We took off out of the airport car park and into the melee of dust and vehicles. The areas surrounding Toussaint Louverture International Airport appear to be a hub of the construction industry in the city. Large warehouses, with freight trucks and cement mixers in the car parks outside, line the road back towards Petionville, until they are eventually replaced, further south, by UN logistics compounds, and the strikingly new facade of the US embassy. At some stage, the driver pointed out the residence of Jean-Bertrand Aristide, the former Haitian president who returned from exile in South Africa only last year, following a coup d'etat in 2004. The bars of the large white gates to the estate were narrowly spaced, and so did not allow anyone to peer through to the property beyond. However, as we drove by, I got the feeling that on the bustling street outside, I was the only one trying to do so, such was the normality of the situation to others.

We reached the office, where I was introduced to some members of the staff, and given some briefings on security. I was then driven the kilometer back to the expatriate residences, a large gated building containing a number of apartments. The majority of NGOs here house their expatriate workers in the areas on the hills around Petionville, to the south of the city, presumably for security reasons. The elevation, not to mention the superior build quality and appearance of the buildings, give the area a slight air of middle-class, which I find slightly uncomfortable, possibly due to a perceived fragility of this air, but more likely, out of guilt.

The apartment building has a balcony, that is positioned such that it allows one to view one-hundred and eighty degrees, taking in an amazing view of the sprawl down the hill below and beyond the bay to the west, and the mountains to the north and east. However, the rising hills behind, to the south, are blocked from view by the building itself, giving one a polarised vision, of all that is lower, and none that is higher. You can see those on a similar level either side of course, but no further up.



Some boys were playing football on the flat roof of a building across from the balcony this evening. In Petionville, a flat surface is a commodity, it seems, and the traffic winding its way around the myriad of cliff-side streets seems to be permanently lifting its collective hand-brake. Small steps. Up the hill. One car length at a time. Then brake. Two lengths if you're lucky. Or the slalom downhill, one foot hovering over the brake at all times, gauging the weight of the passengers against gravity, all the while craning to see around corners, to see where the next line of traffic ends.

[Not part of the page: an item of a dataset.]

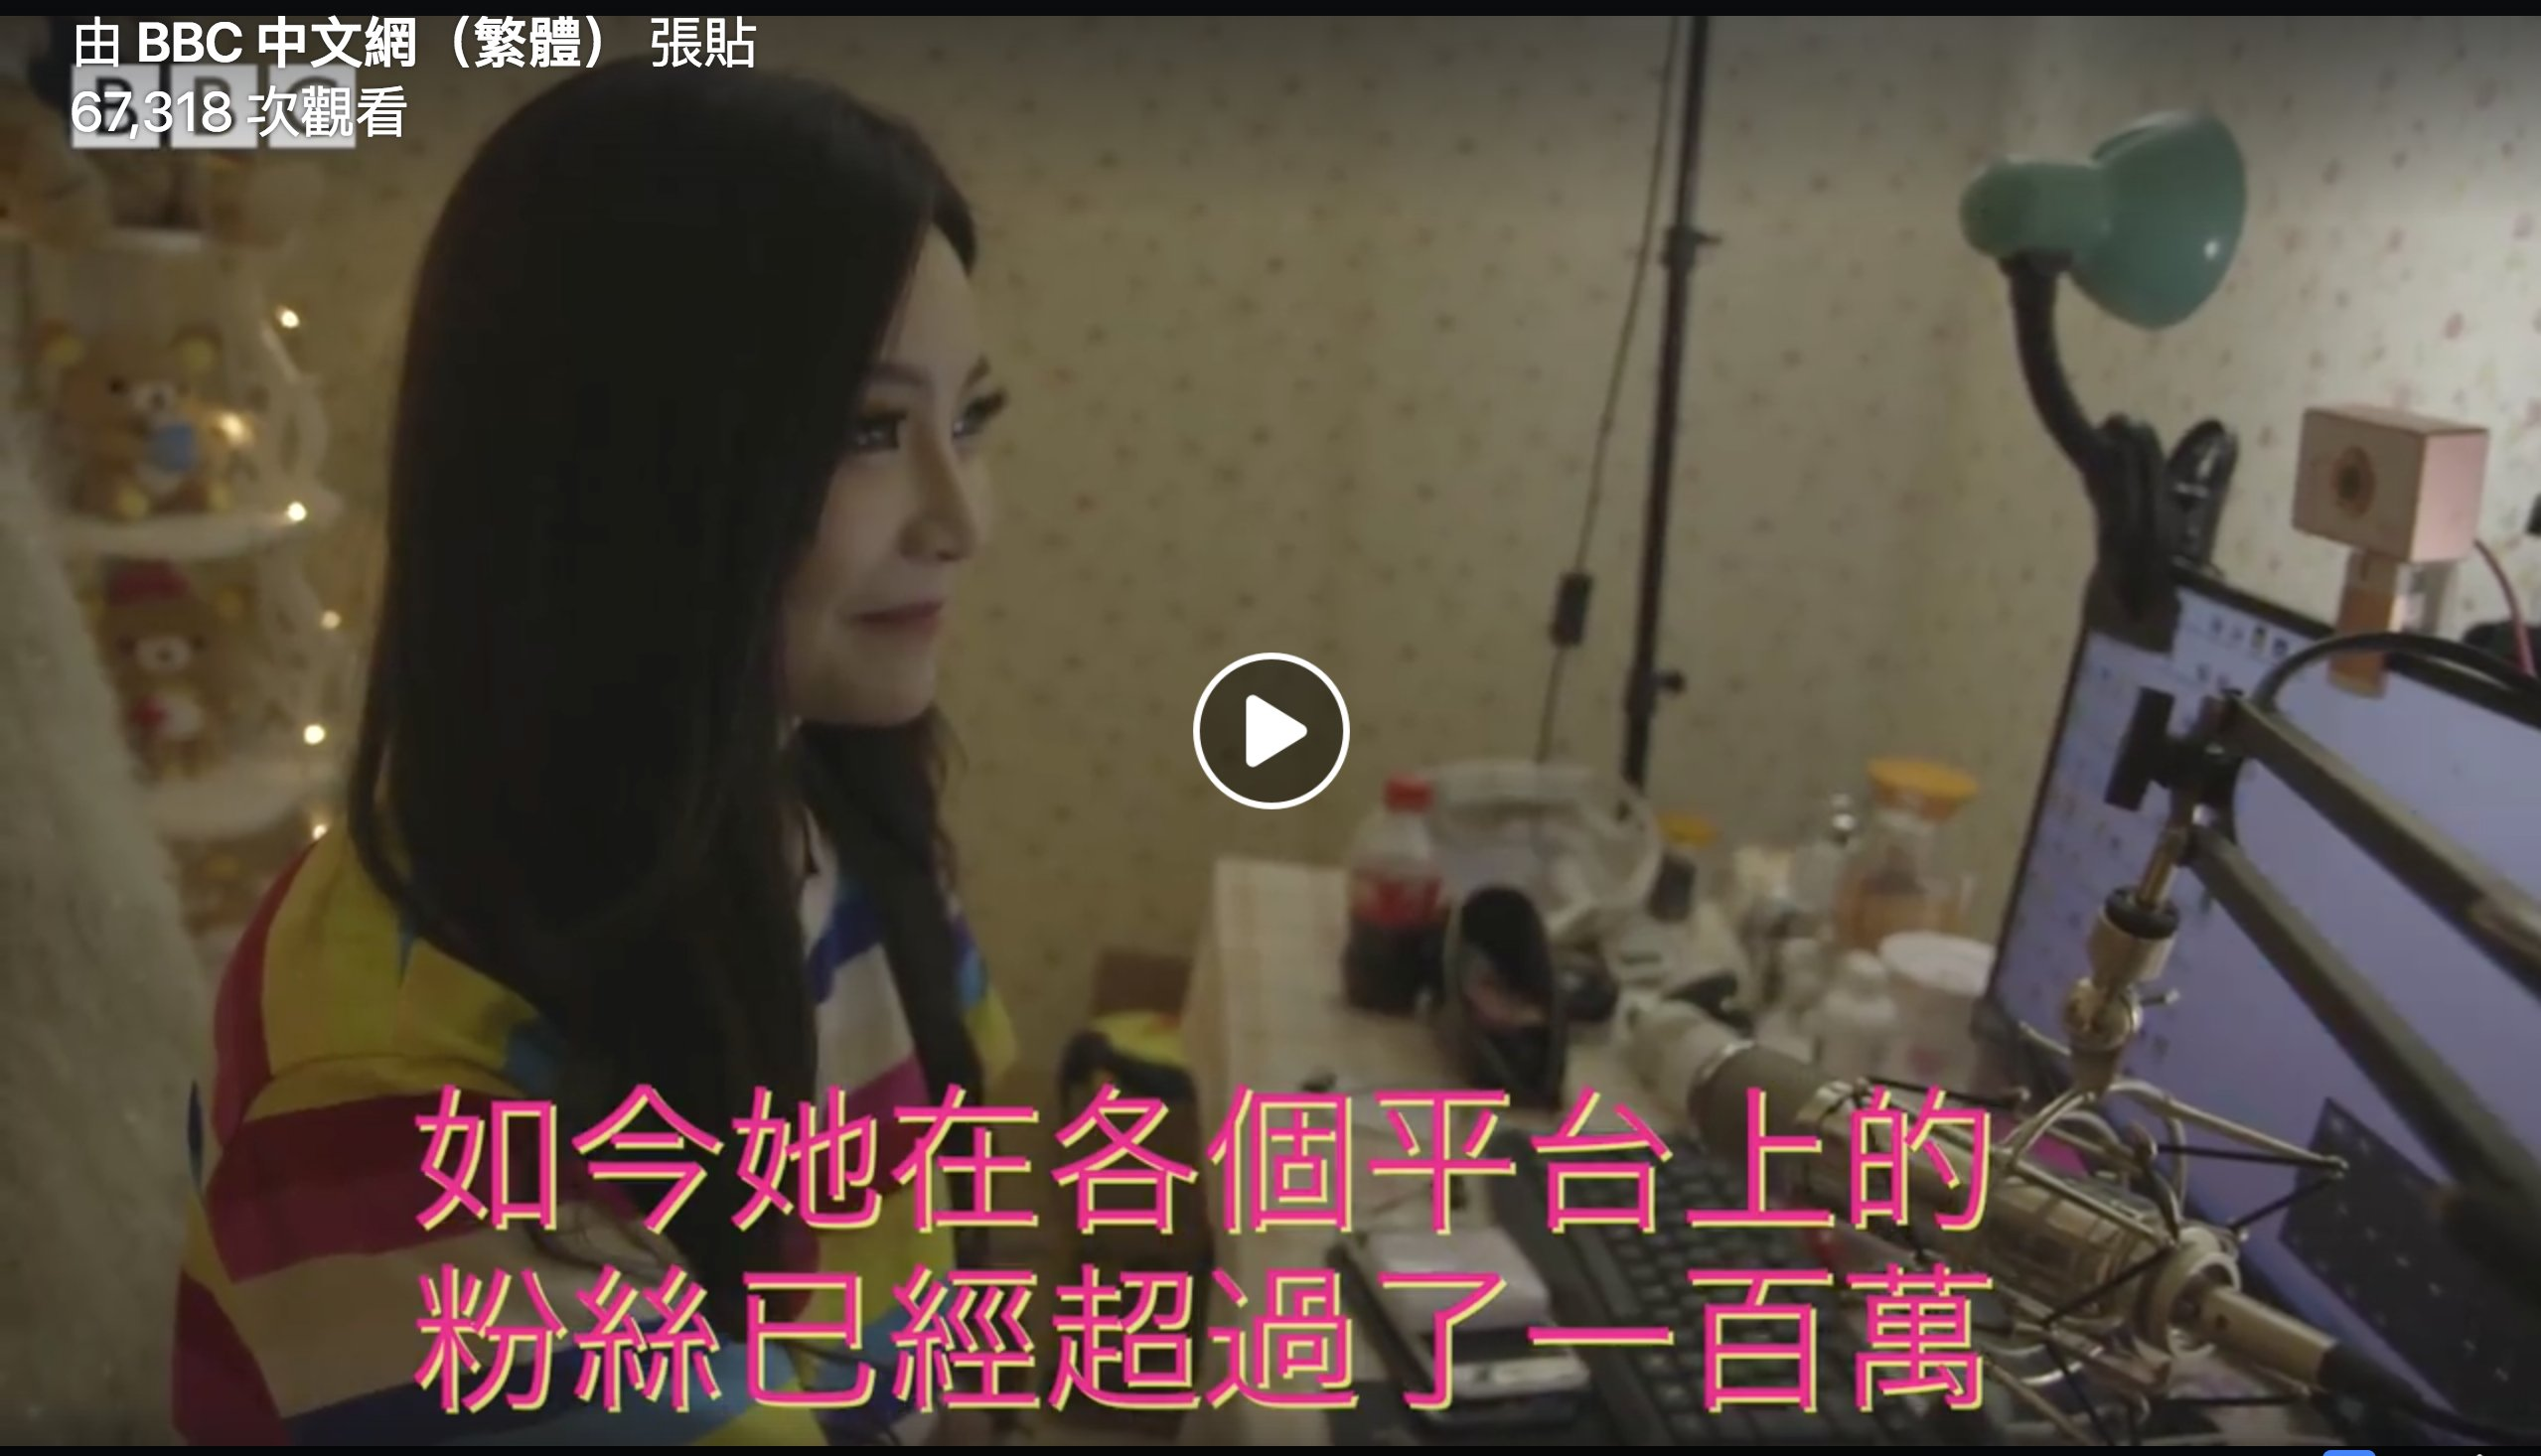 screen shot 2018 10 25 at 3 31 17 pm.png?resize=412,232 - 直播真的那麼好做?BBC記錄中國網絡女主播背後的辛酸故事「直播主的人生」!

There was lighting last night, and again tonight. I tried in vain to film some. Always the wrong direction at the wrong time. Despite the severity of the storms and the rain, (and my admittedly small sample size of two days), they seem to be quite predictable in terms of timing. Five o'clock, dark clouds begin to gather overhead. Six o'clock, the first patter of rain. Six-thirty, darkness with flashes of fork lightning. Eight o'clock, calm, with occasional blasts of pounding kompa music, or a man with a megaphone.